Advanced Scalability


Hdiv supports scalability and high performance by providing a versatile framework for configuring the persistence of security-related data. The framework is designed as a chain of caches which can be configured and selected to suit the requirements of each application.

Depending on the client’s requirements, the number of Hdiv enabled applications and the hardware available, different approaches can be taken by configuring faster options or others that are more memory-optimized.
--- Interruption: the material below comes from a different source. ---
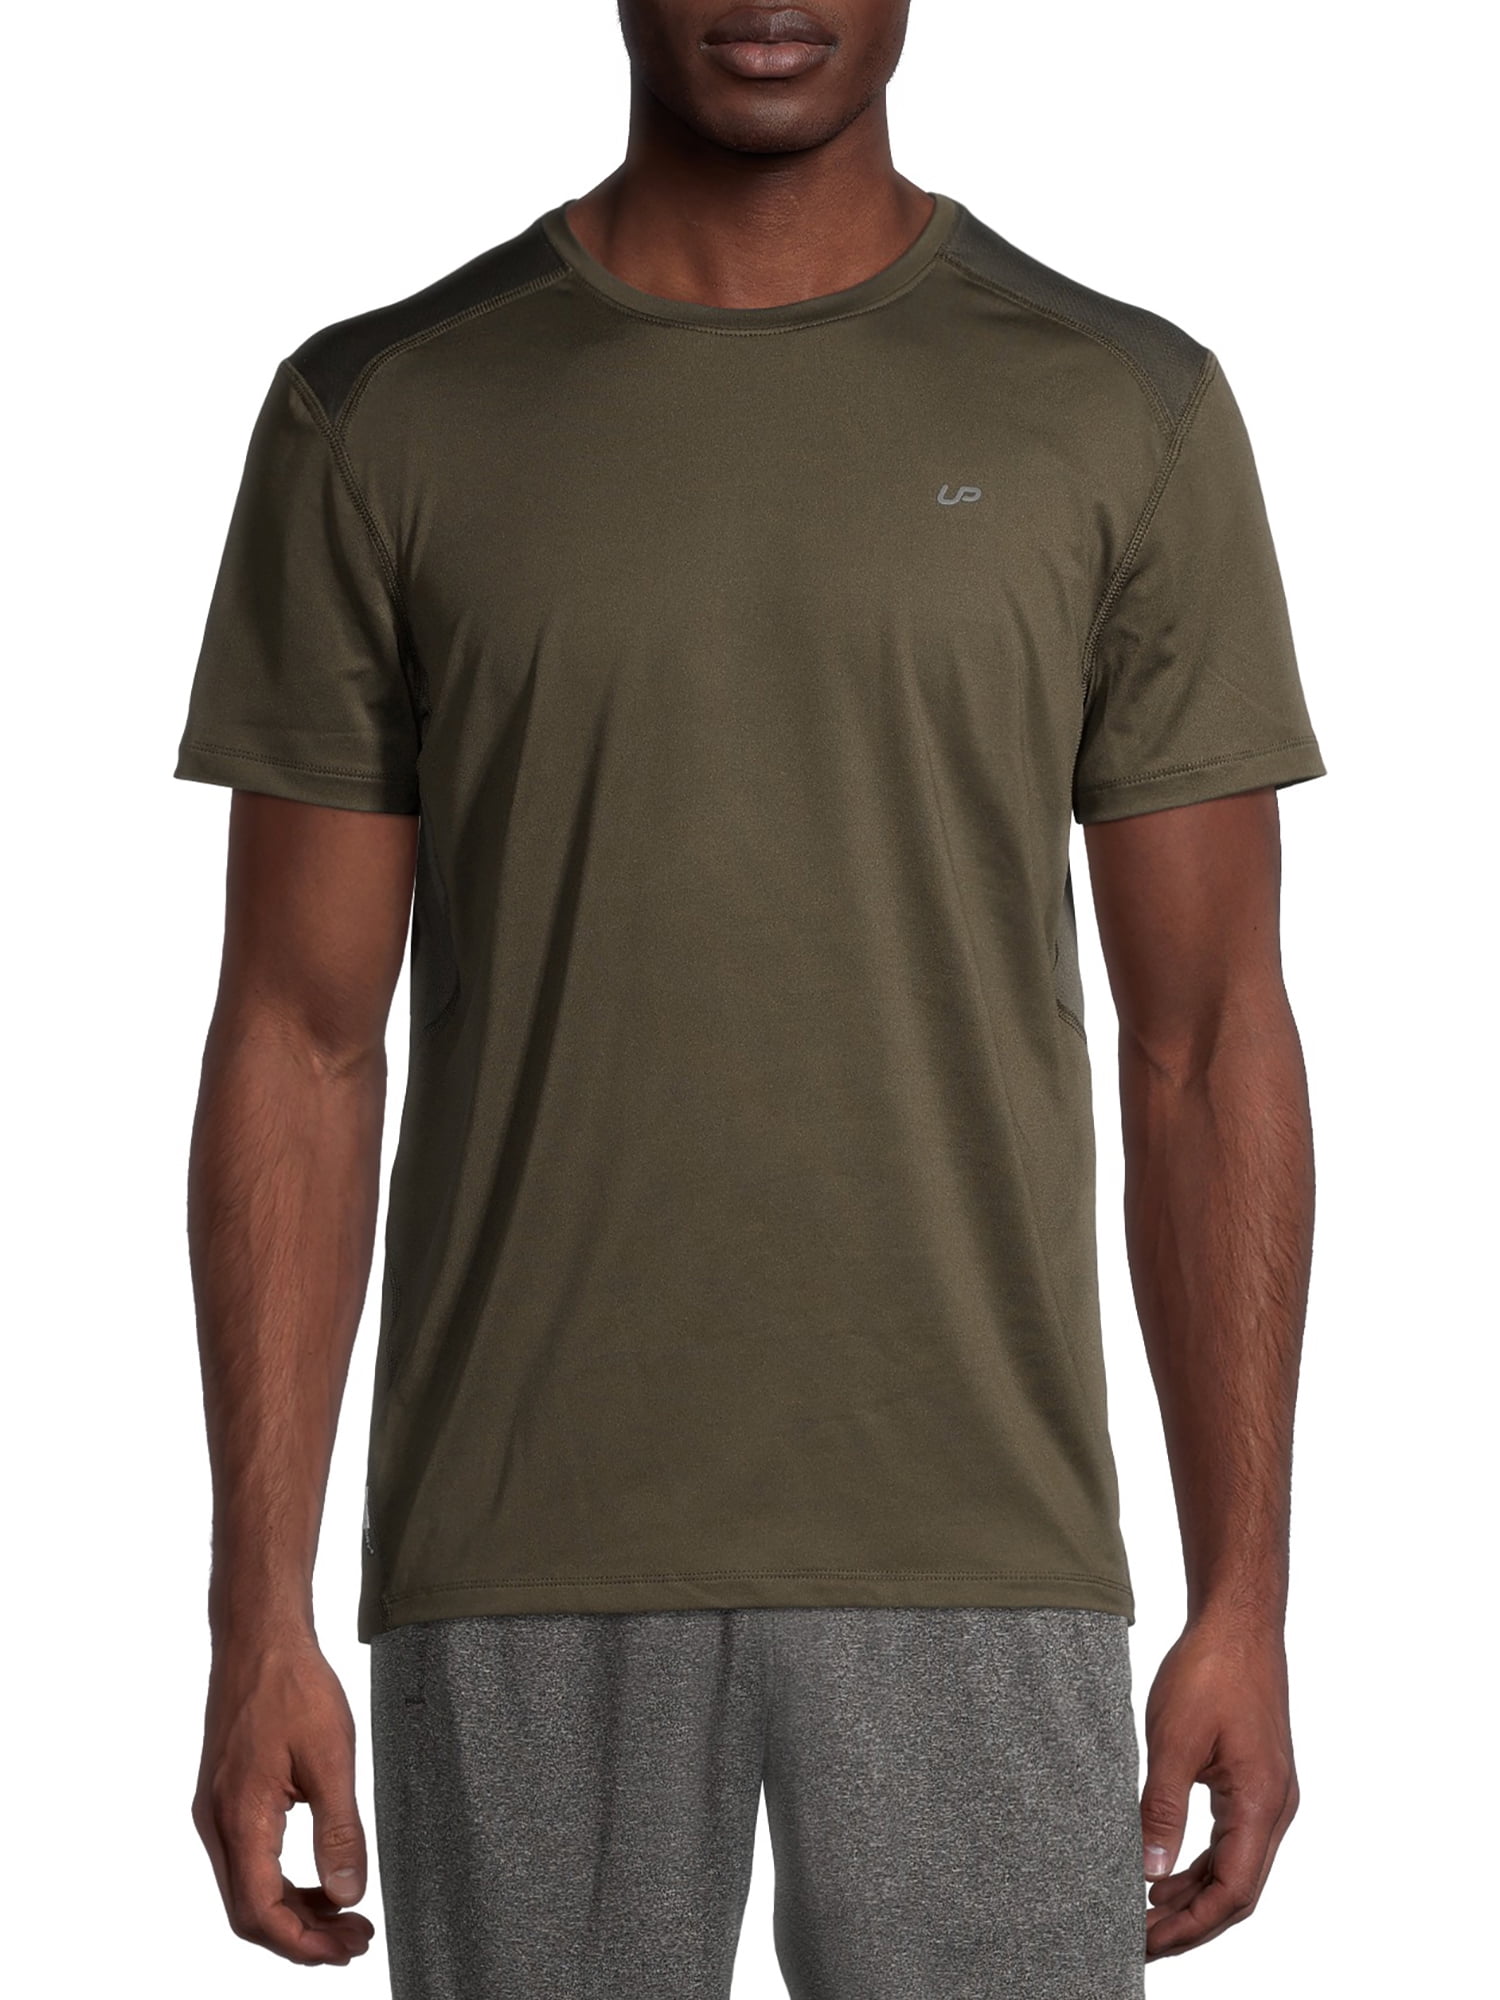 UniPro - Unipro Men's Stretch Jersey T-Shirt, up to Size 2XL - Walmart ...
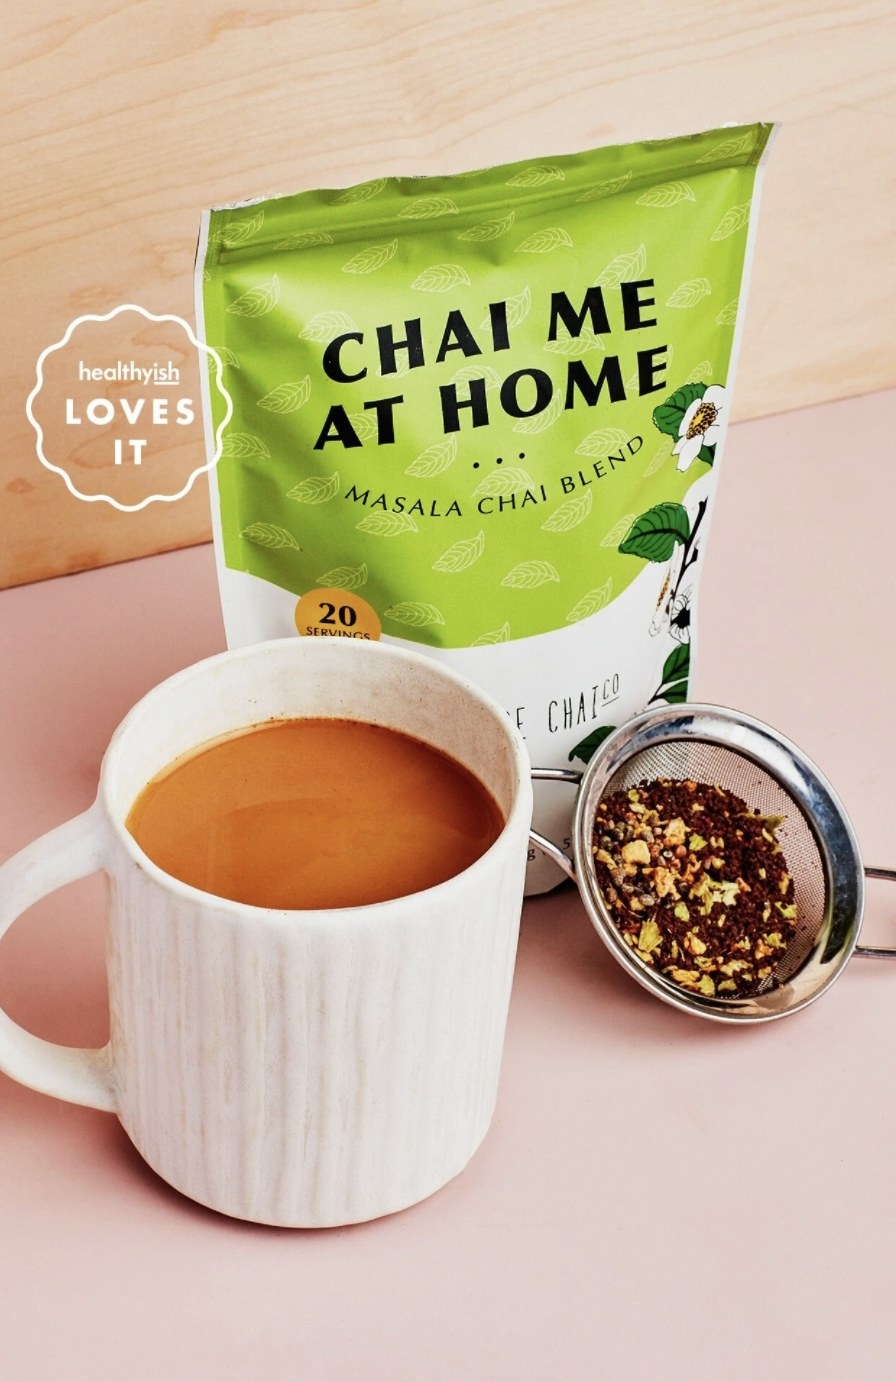 A mug with the masala chai tea sitting next to the bag and loose leaf tea blend

A more detailed explanation will be provided later but briefly, the following cache types can be used:

  • Memory caches
  • In-Memory Database caches
  • Relational Database caches

They can also be classified depending on their scope:

  • User caches
  • Single application caches
  • Shared caches

Finally, they can also be divided into those that keep the information in raw format or compressed to save memory:

  • Raw format caches
  • Compressed caches


Requirements & Constraints

The type of applications that Hdiv might handle is enormous, and they have a variety of different requirements and constraints, therefore the architecture needs to handle different scenarios, optimizing throughput while keeping the memory footprint as low as possible. The following considerations were important while designing cache implementation:

Persistence requirements

Depending on the application, the requirements for security data persistence could be different. By default, Hdiv promotes the persistence of all data, but other approaches are also available if the client adopts a simpler architecture and accepts losing obsolete/old data that is (probably) no longer needed.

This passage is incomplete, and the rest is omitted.